## Task requirements:
A faithful copy of all the data is required; pictures should not be included.

## Information shown:

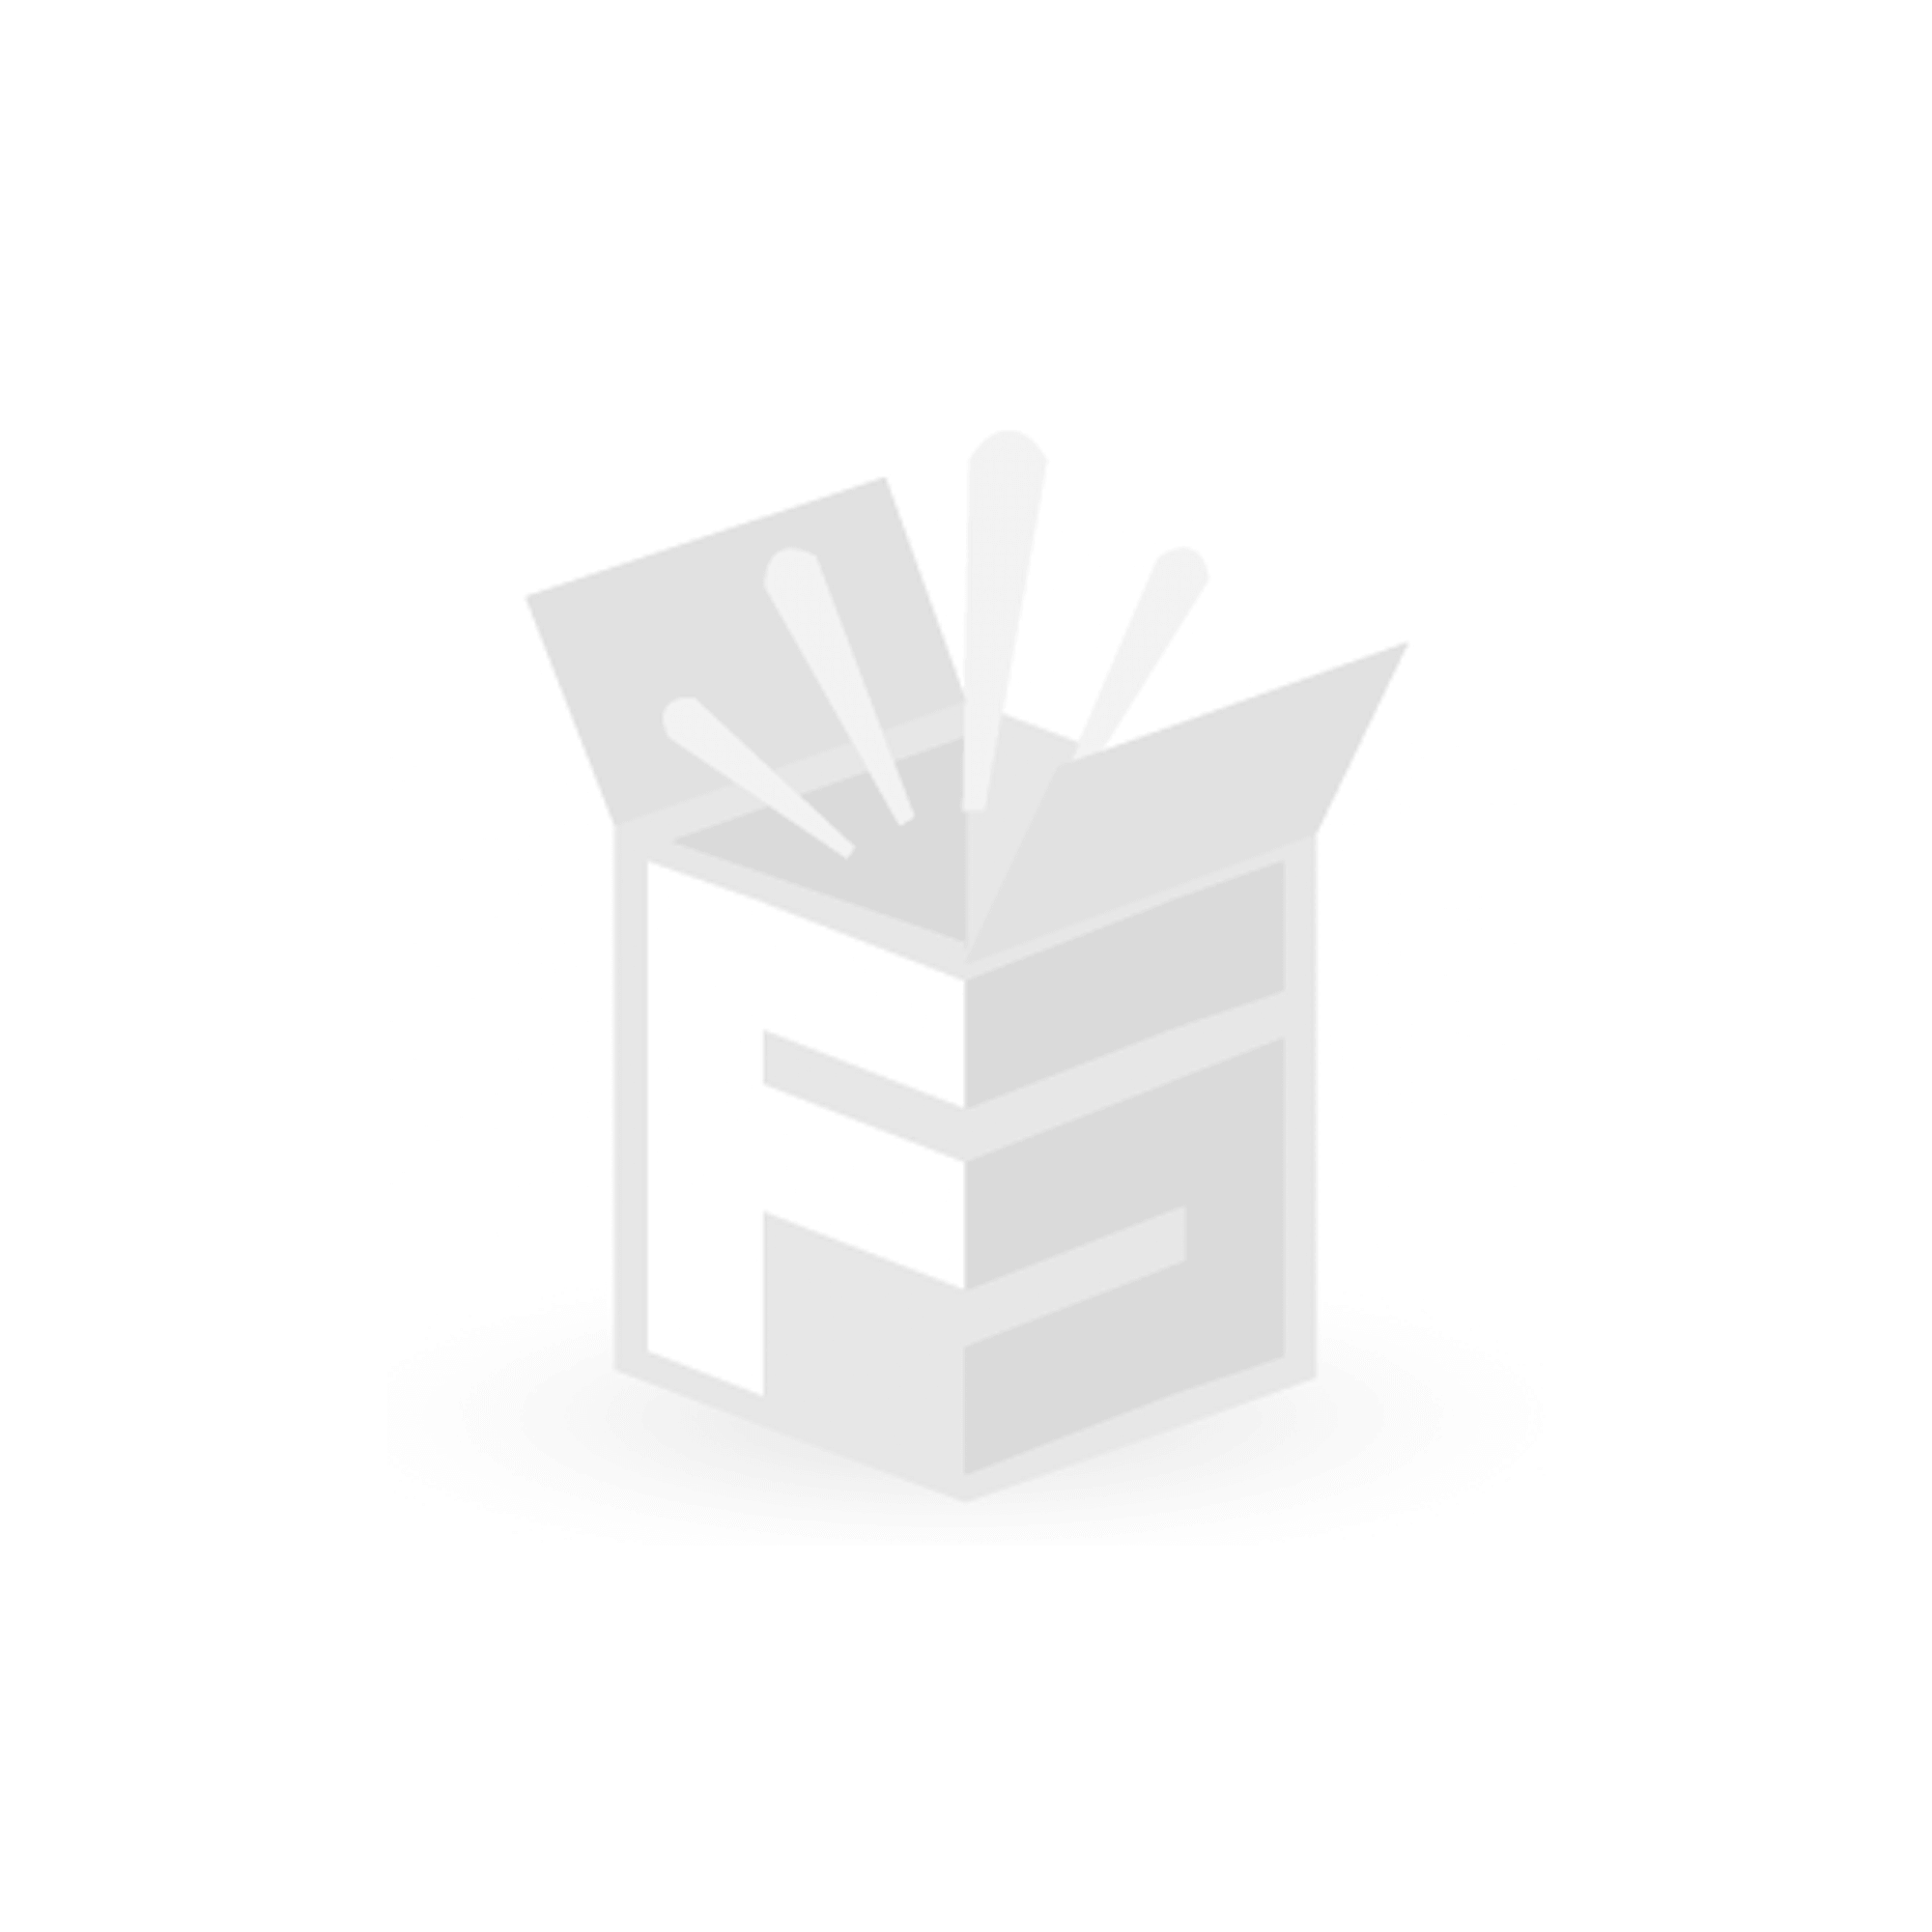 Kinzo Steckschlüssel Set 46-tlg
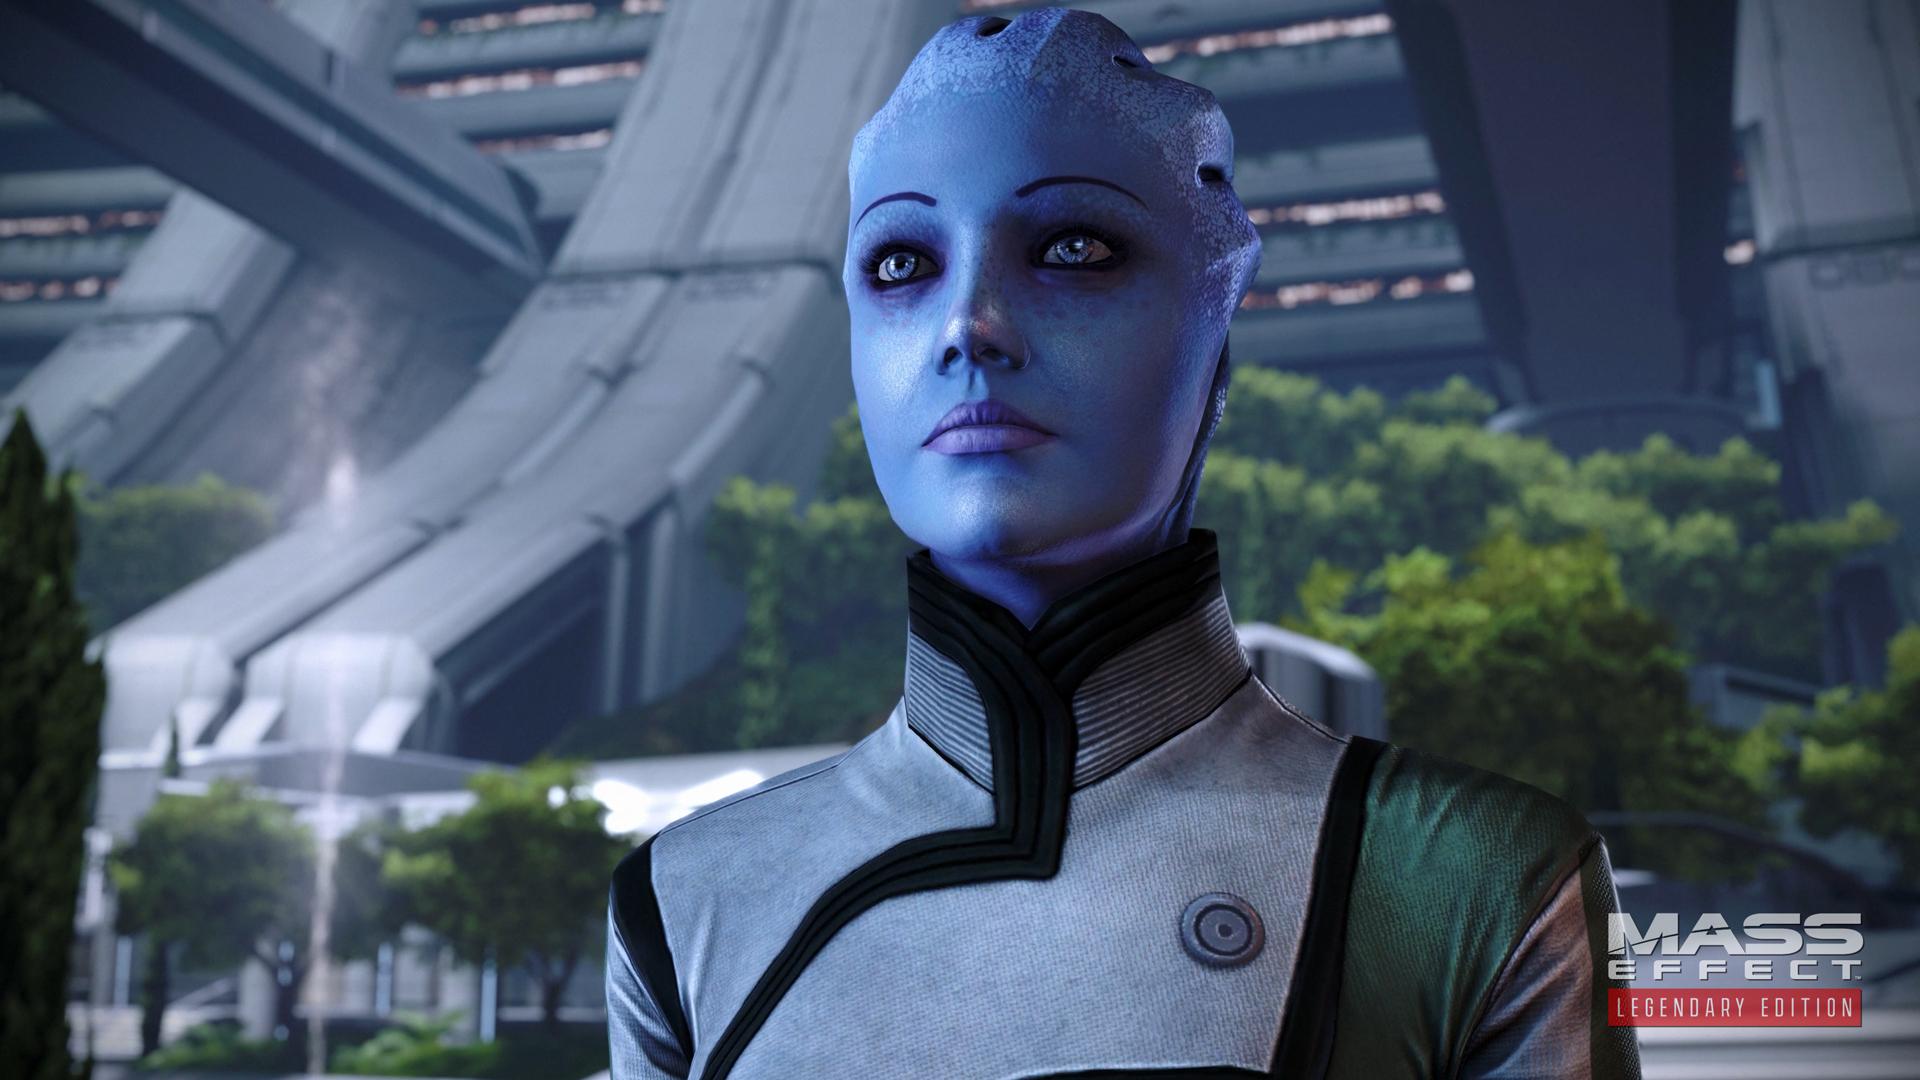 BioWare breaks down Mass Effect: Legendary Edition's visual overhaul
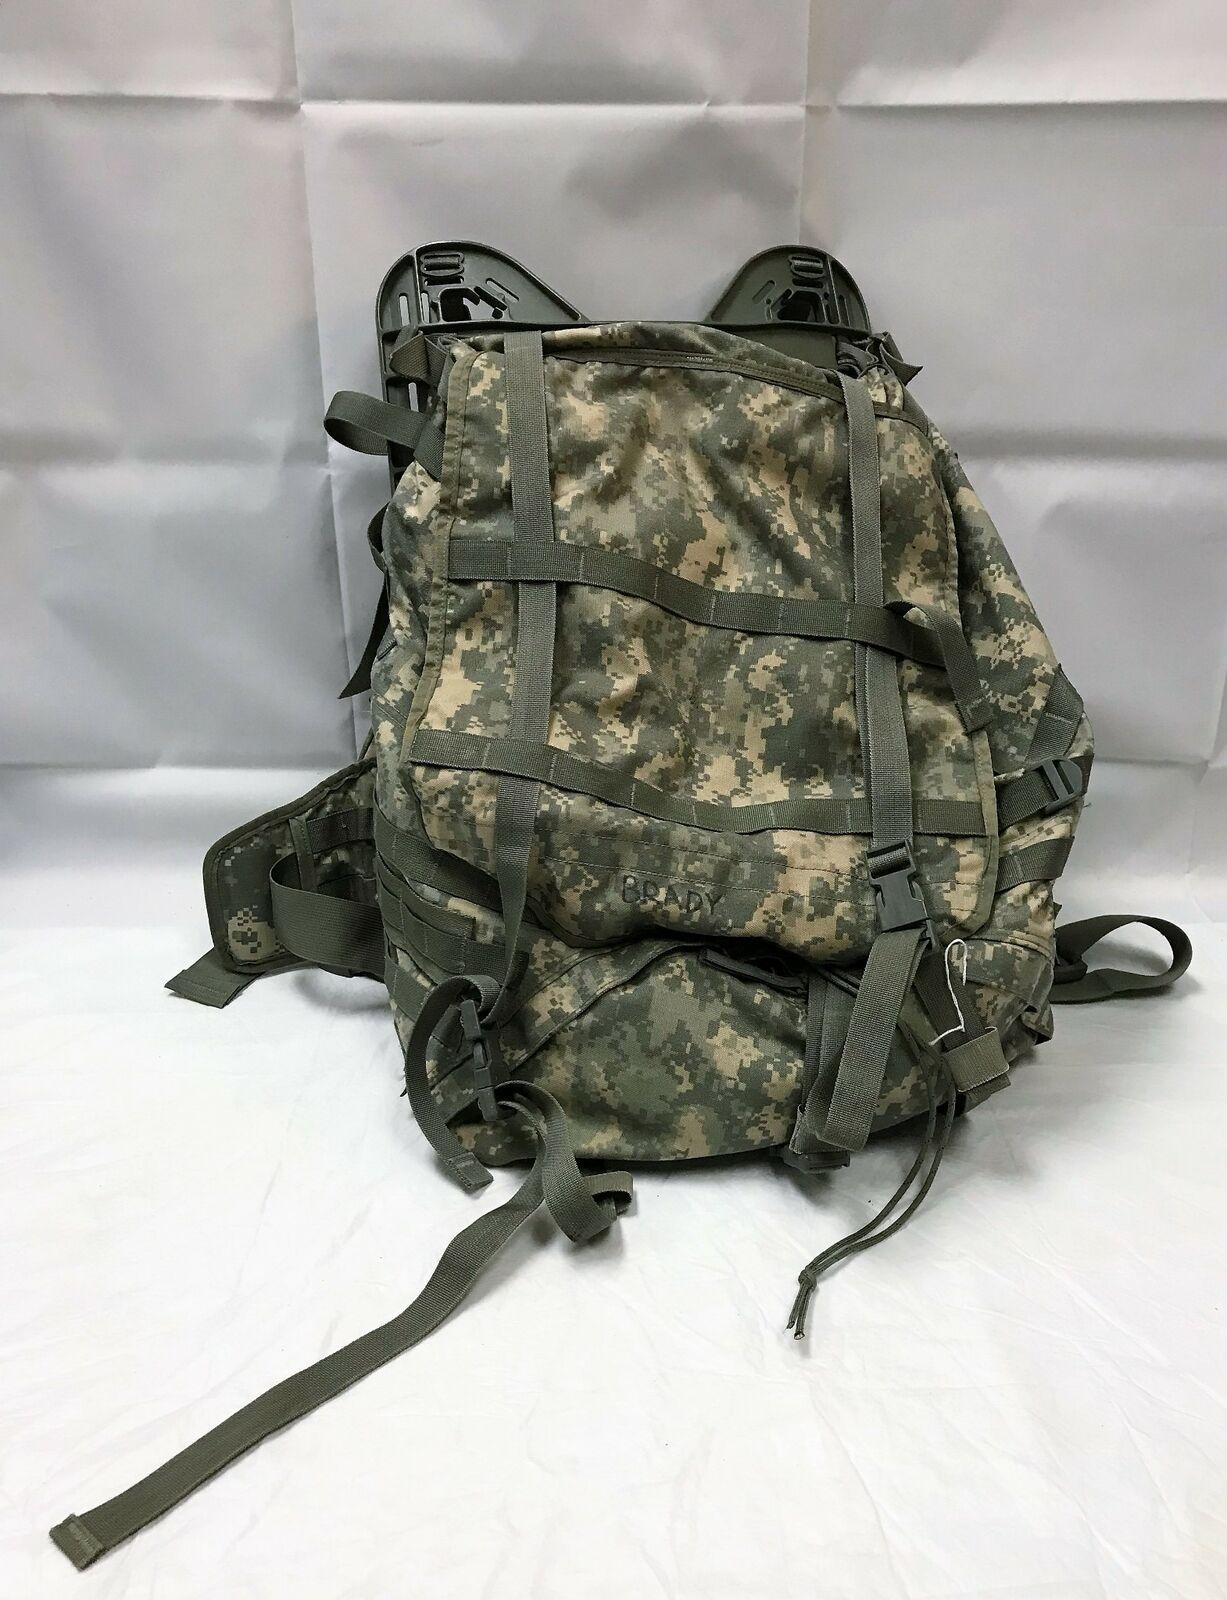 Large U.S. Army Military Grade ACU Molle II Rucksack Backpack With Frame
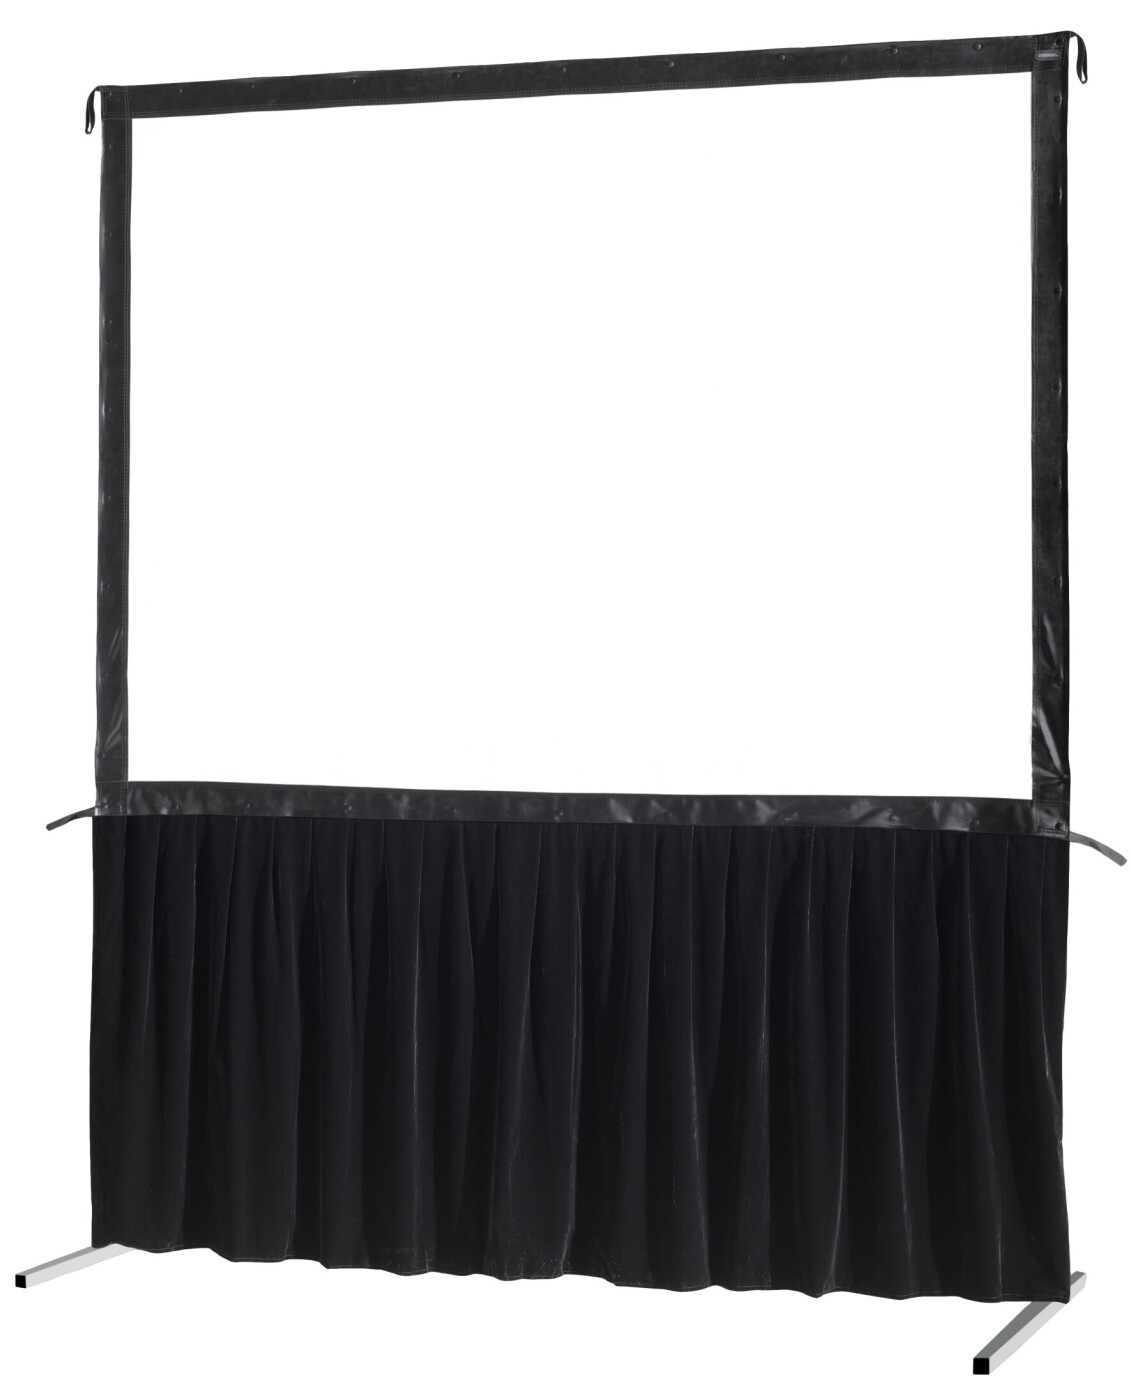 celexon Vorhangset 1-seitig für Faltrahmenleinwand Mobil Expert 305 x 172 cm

## Answer to this problem:
 Kinzo Steckschlüssel Set 46-tlg
 BioWare breaks down Mass Effect: Legendary Edition's visual overhaul
 Large U.S. Army Military Grade ACU Molle II Rucksack Backpack With Frame
 celexon Vorhangset 1-seitig für Faltrahmenleinwand Mobil Expert 305 x 172 cm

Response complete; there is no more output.